"A child's learning is the funtion more of the characteristics of his classmates than those of the teacher." James Coleman, 1972

Wednesday, May 10, 2006

Edison Teacher Speaks About For-Profit Charter

In January Peter Campbell did this piece on his visit to Confluence Academy, one of Whittle's corporate welfare schools in St. Louis that is soaking up public dollars to turn a profit for Edison stockholders. This morning a Confluence teacher responds:
I am a white teacher in an Edison school, and I could not agree with this article more. I believe one of the greatest problems facing Edison schools is that its priority for making a profit comes before the education of its children. I believe in this educator’s philosophy of education - that students learn by being engaged in the learning process. At Confluence Academy this might be possible if there were not nearly 30 children in each classroom. 25 - 30 students to one instructor in an urban elementary environment is a ridiculous idea, an idea that is motivated by money and a reality that is absolutely daunting for many of the new, inexperienced teachers it chooses to hire. Superfluous spending should be cut so that classes can be smaller. Smaller classes would offer each child more attention, making it less likely that children would feel the need to fight for attention. Smaller classrooms would naturally create an environment where students could more positively interact with their teacher and one another, and less time would be spent on classroom control. Many elementary schools are able to offer this kind of environment, even though many receive just as much, if not less money.

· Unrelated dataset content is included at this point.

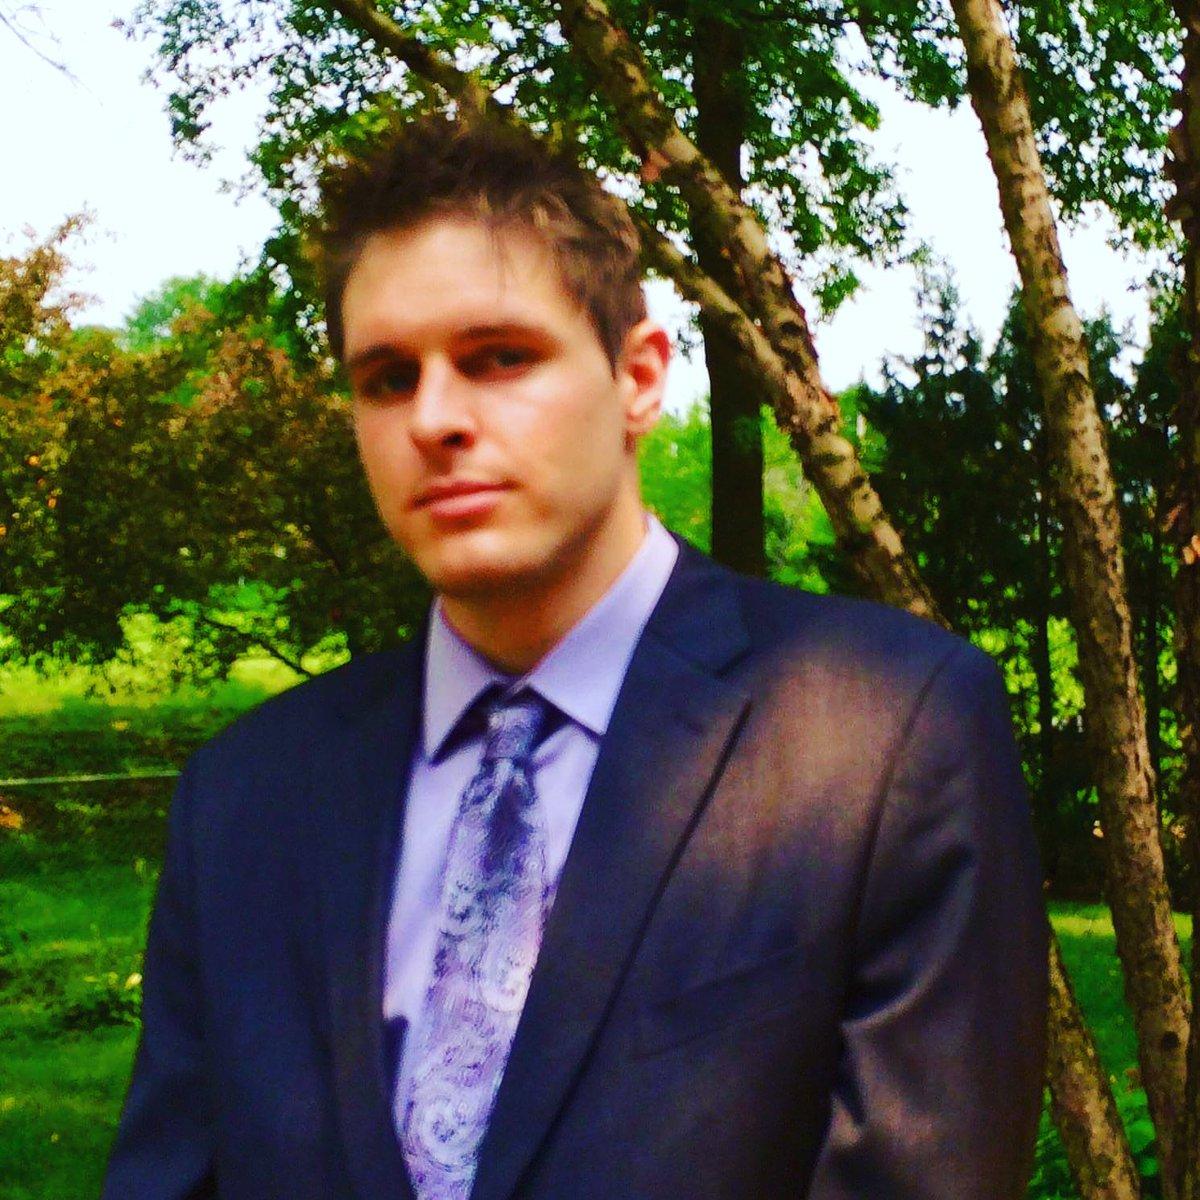 CEO of Murtha &amp; Burke Marketing~ :) #scrollforever #ifb  #blockchain #cryptocurrency #crypto #ethereum #trapadrive #fintech #bitcoin #investments #altcoin #eth #btc #RT #ICO #ripple #xmr #reddit #zec #f4f #bitnews #wsj #news #redditBitcoin #freebitcoin #robotcoingame #bitcointalk<br>http://pic.twitter.com/UL1qbk57Yg

Students at Confluence Academy are bored. They arrive at school at the crack of dawn and are in the building 8-9 hours each day. During this time, especially in the winter, few students are given recess. No wonder they wiggle!

While I do not believe a teacher’s role is to entertain students, I do agree that the learning environment should be highly interactive and oftentimes fun, and the teachers should strive to spark the imaginations of their students by taking them out of the classroom for starters. Edison Schools would probably say it agrees with this idea, but its current system is too inefficient to make this possible. Confluence Academy is in need of ground-up reform if it really hopes to make a difference in the lives of the students it claims to serve.
In the 19th Century, Hampton's Industrial Model was seen as the solution to the "Negro problem." In the 21st Century, will it be called Edison, or will we use the more generic term, Direct Instruction?